A verbatim reproduction of the following listing is required; omit the pictures.

> _MATERIAL PROVIDED_
■ ■ ■ ■

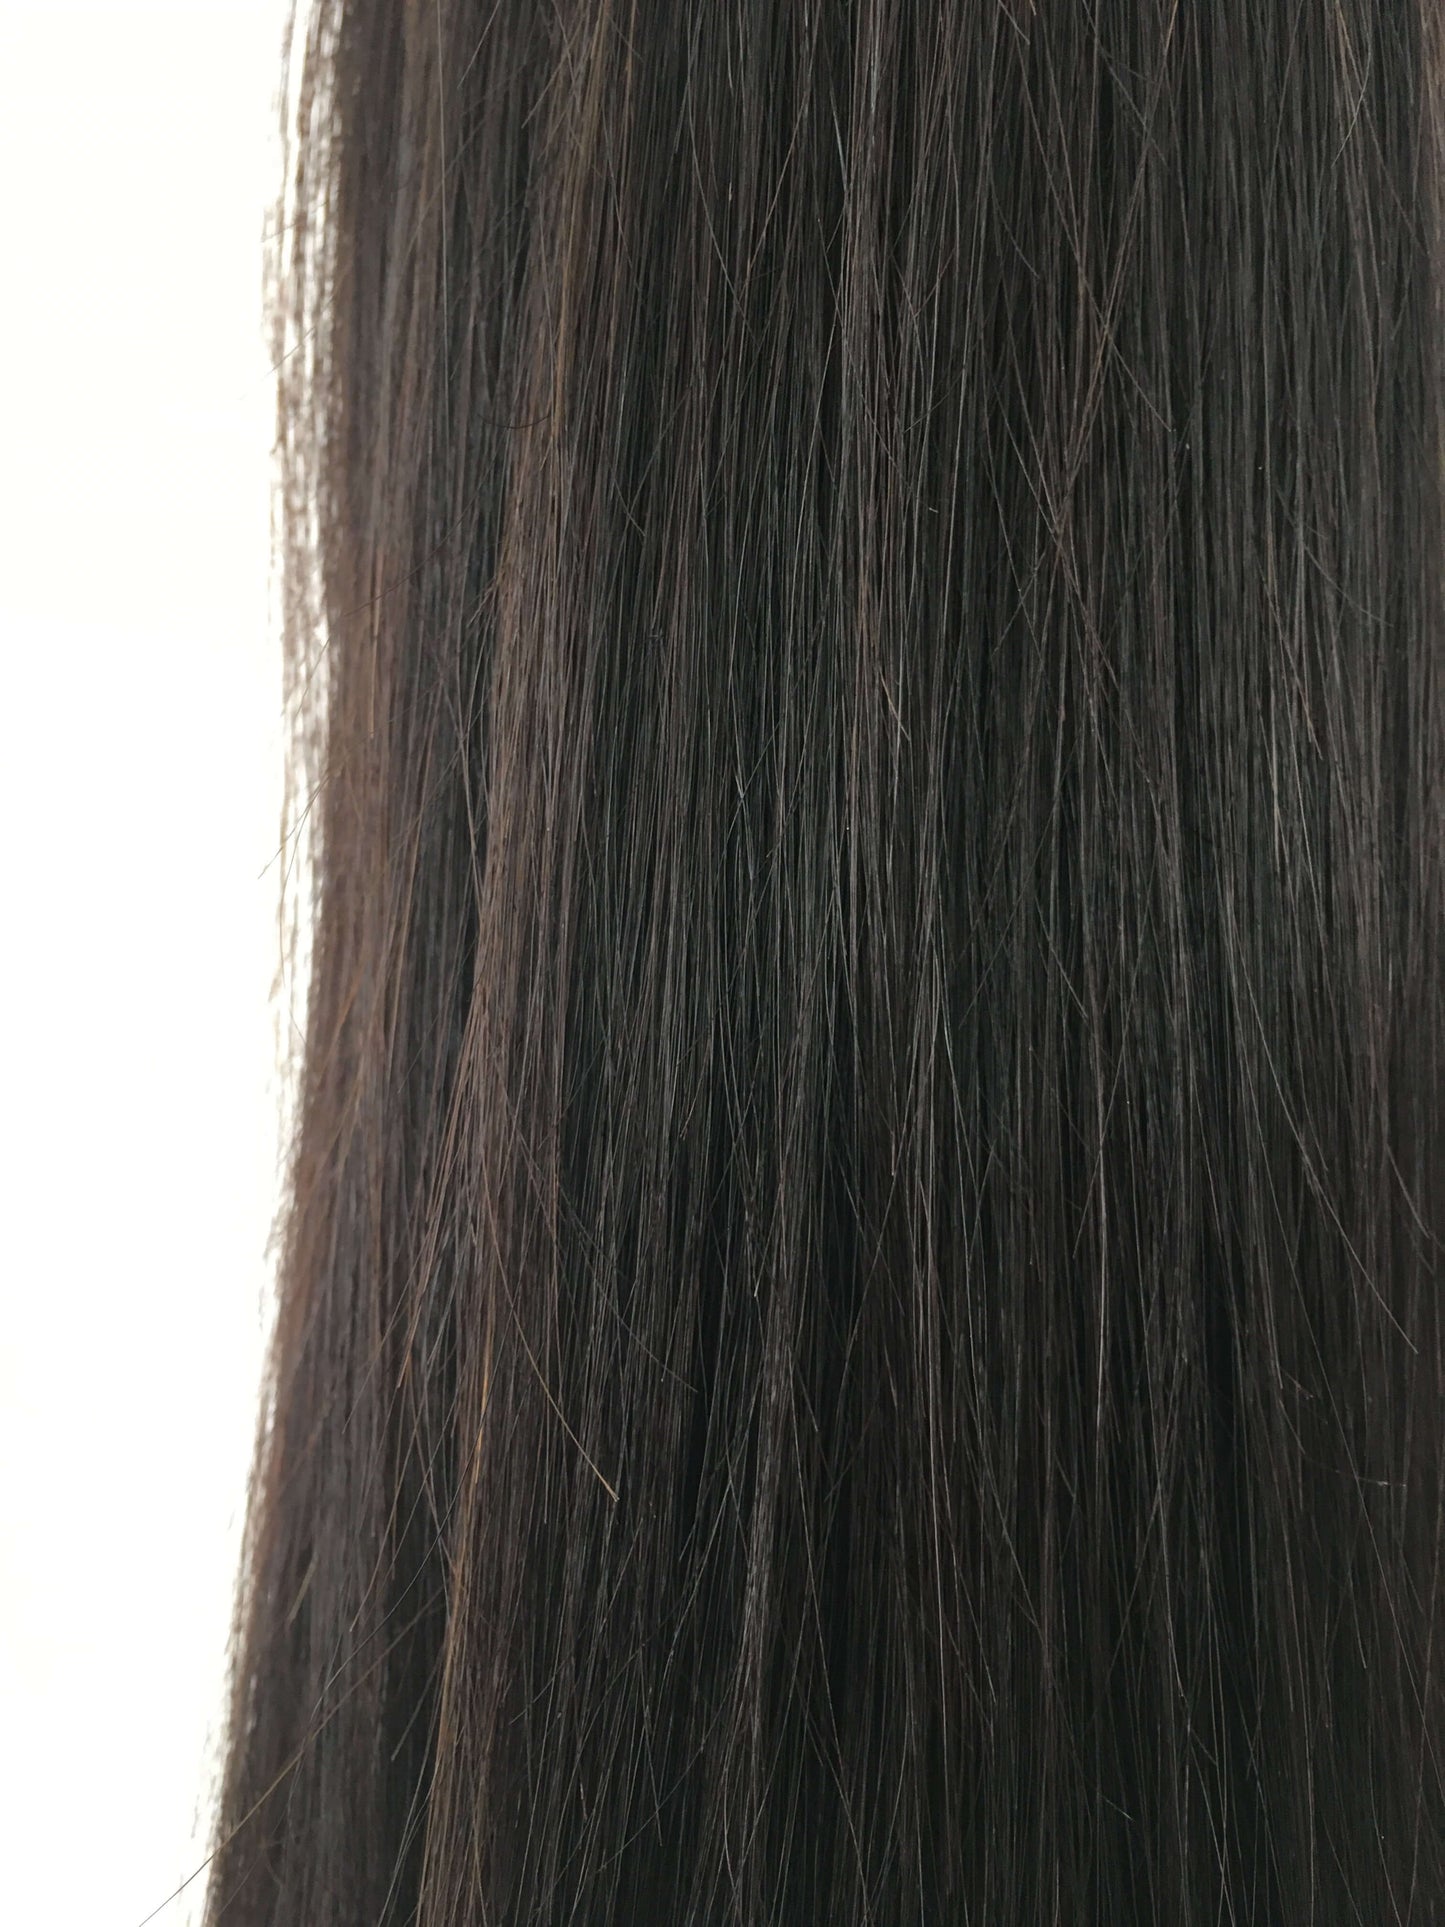 שיער אנושי בתולה ברזילאי - ערבים, 24'', ישר, בתולה, 100 גרם - משלוח מהיר
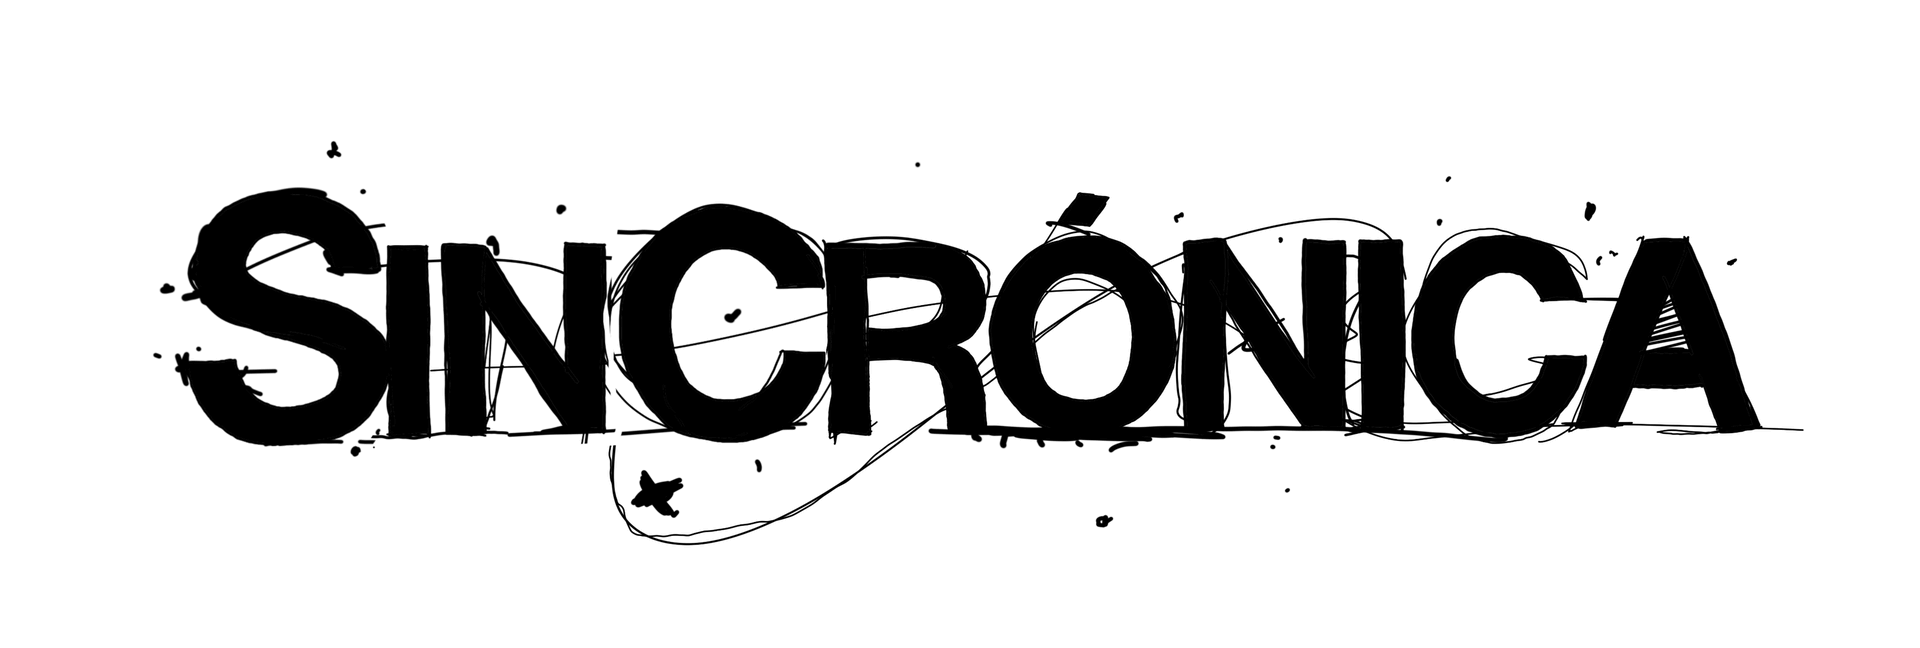 Sincrónica logo
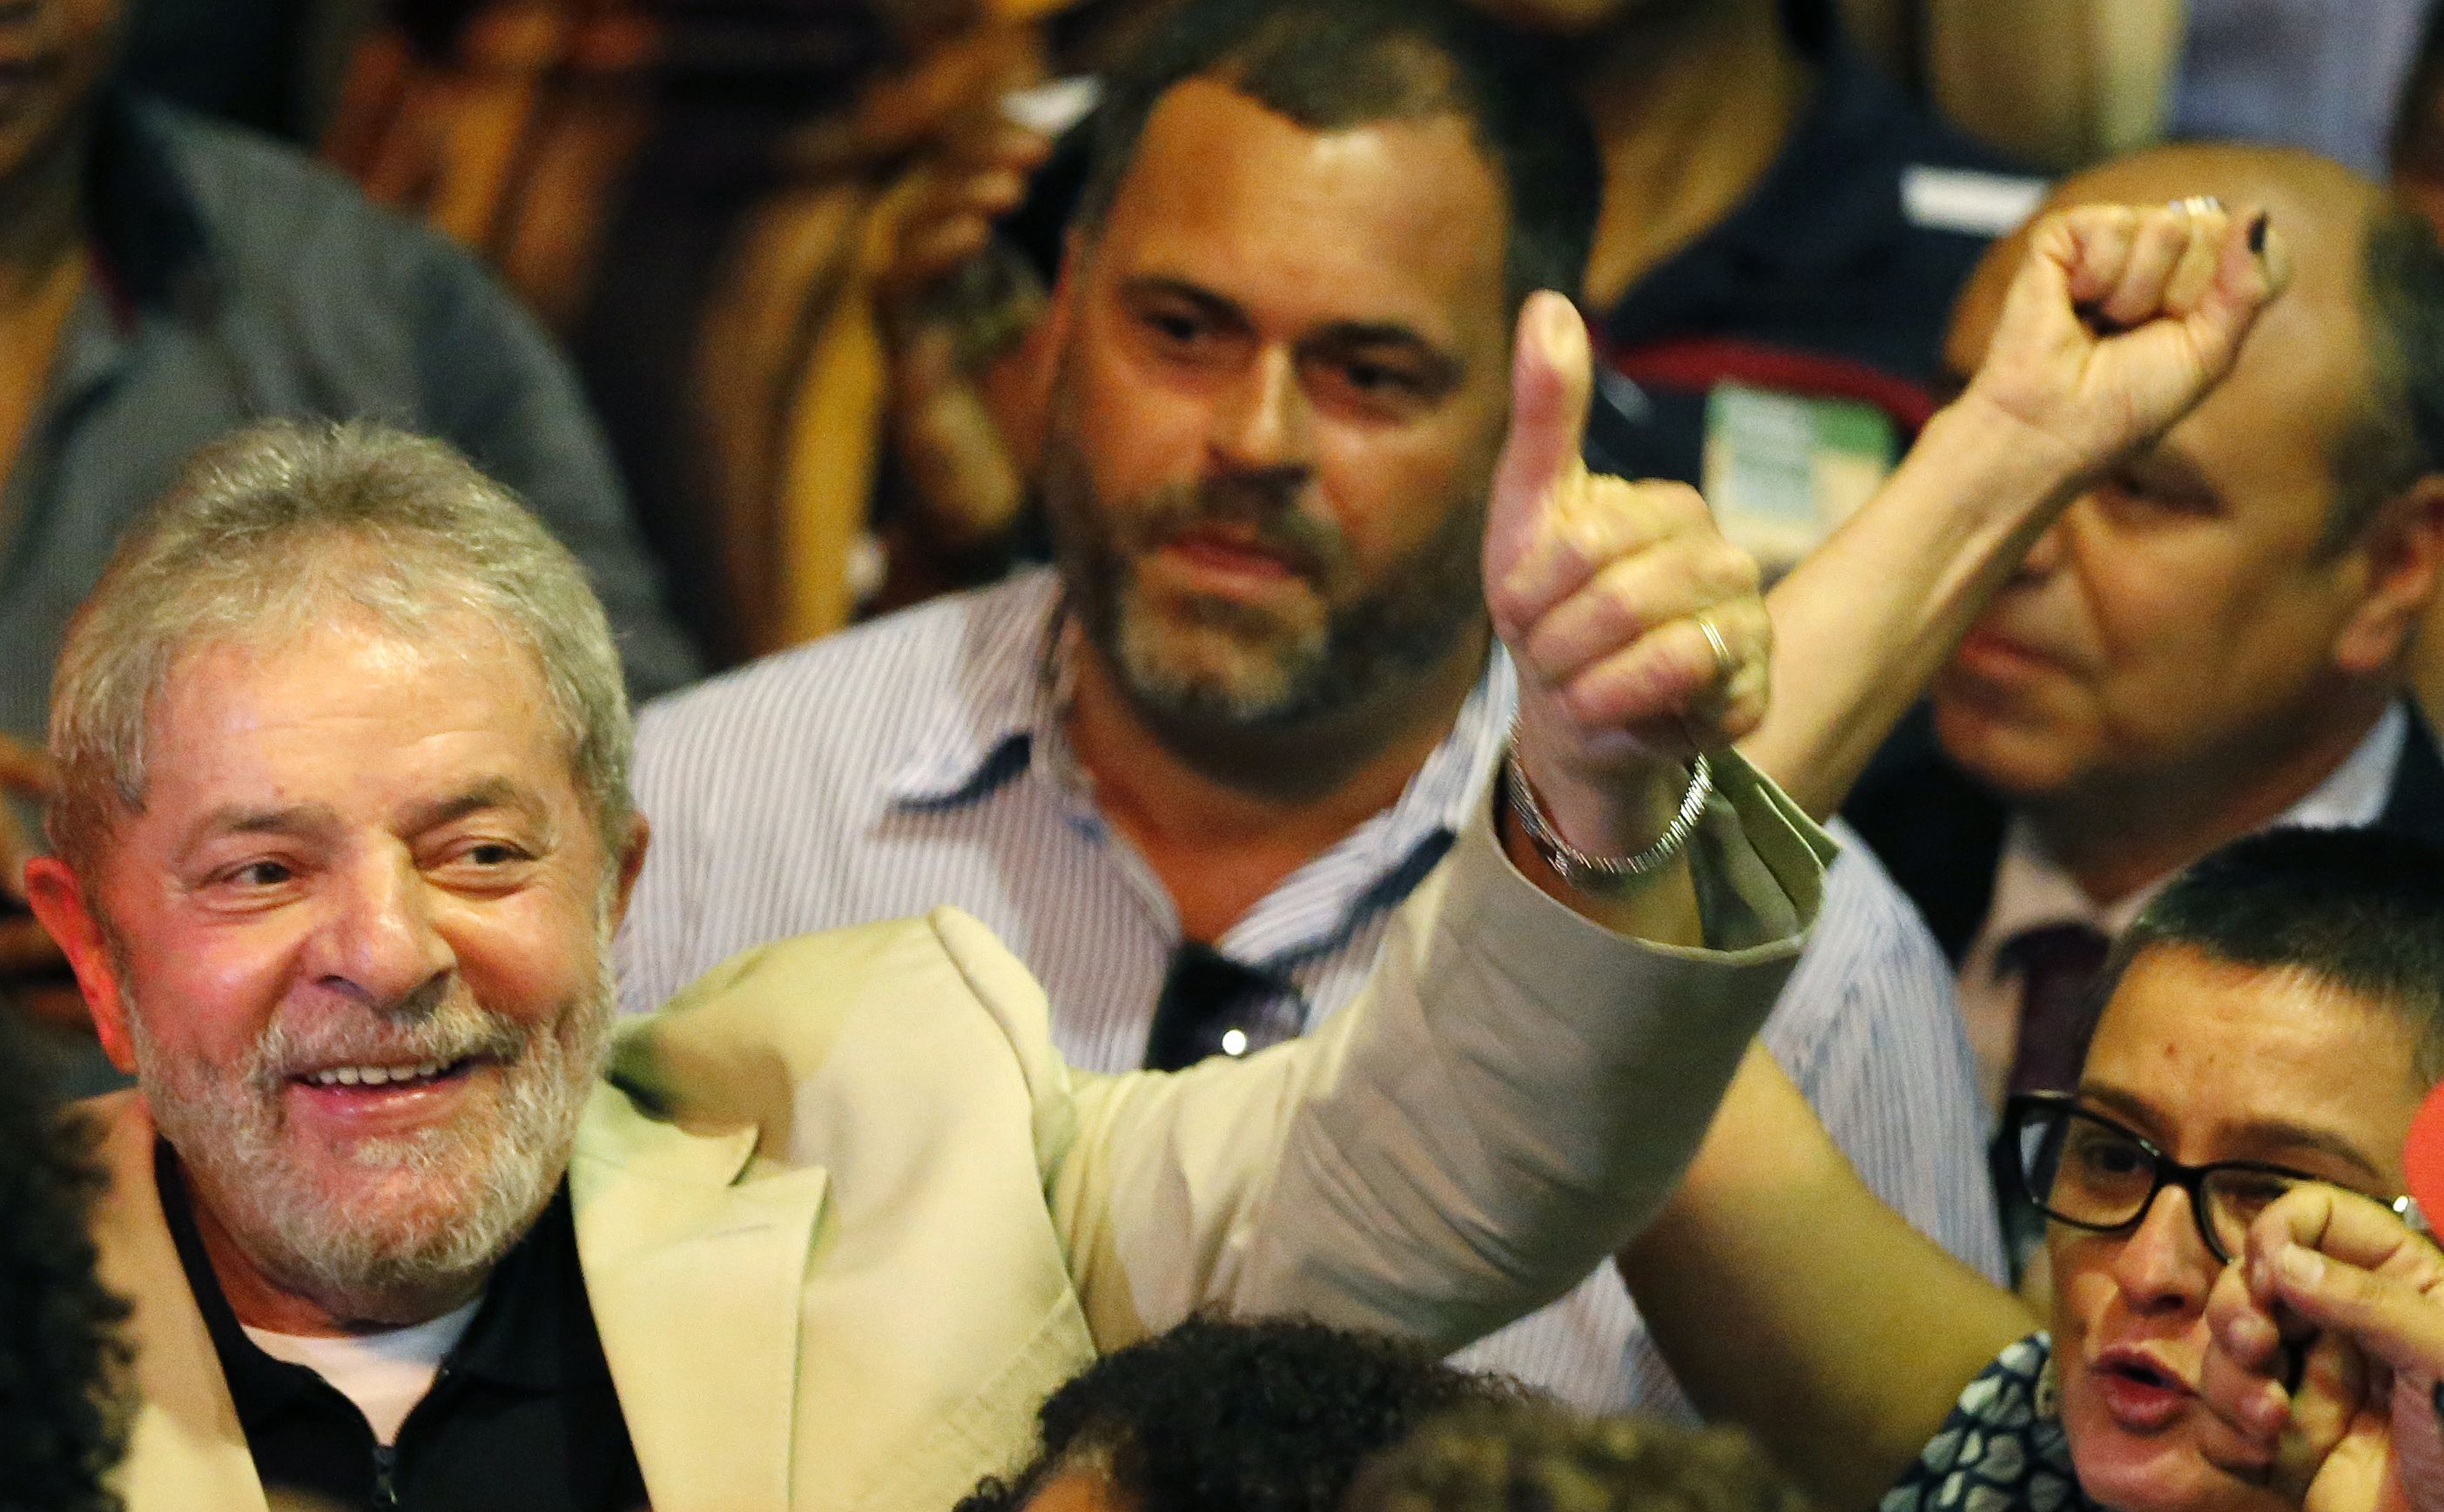 Lula enfatizó: “Quiero la paz y la democracia en Brasil, pero si quieren guerra, sé luchar también

■ ■ ■ ■

> _OUTPUT_
 שיער אנושי בתולה ברזילאי - ערבים, 24'', ישר, בתולה, 100 גרם - משלוח מהיר
 Sincrónica logo
 Lula enfatizó: “Quiero la paz y la democracia en Brasil, pero si quieren guerra, sé luchar también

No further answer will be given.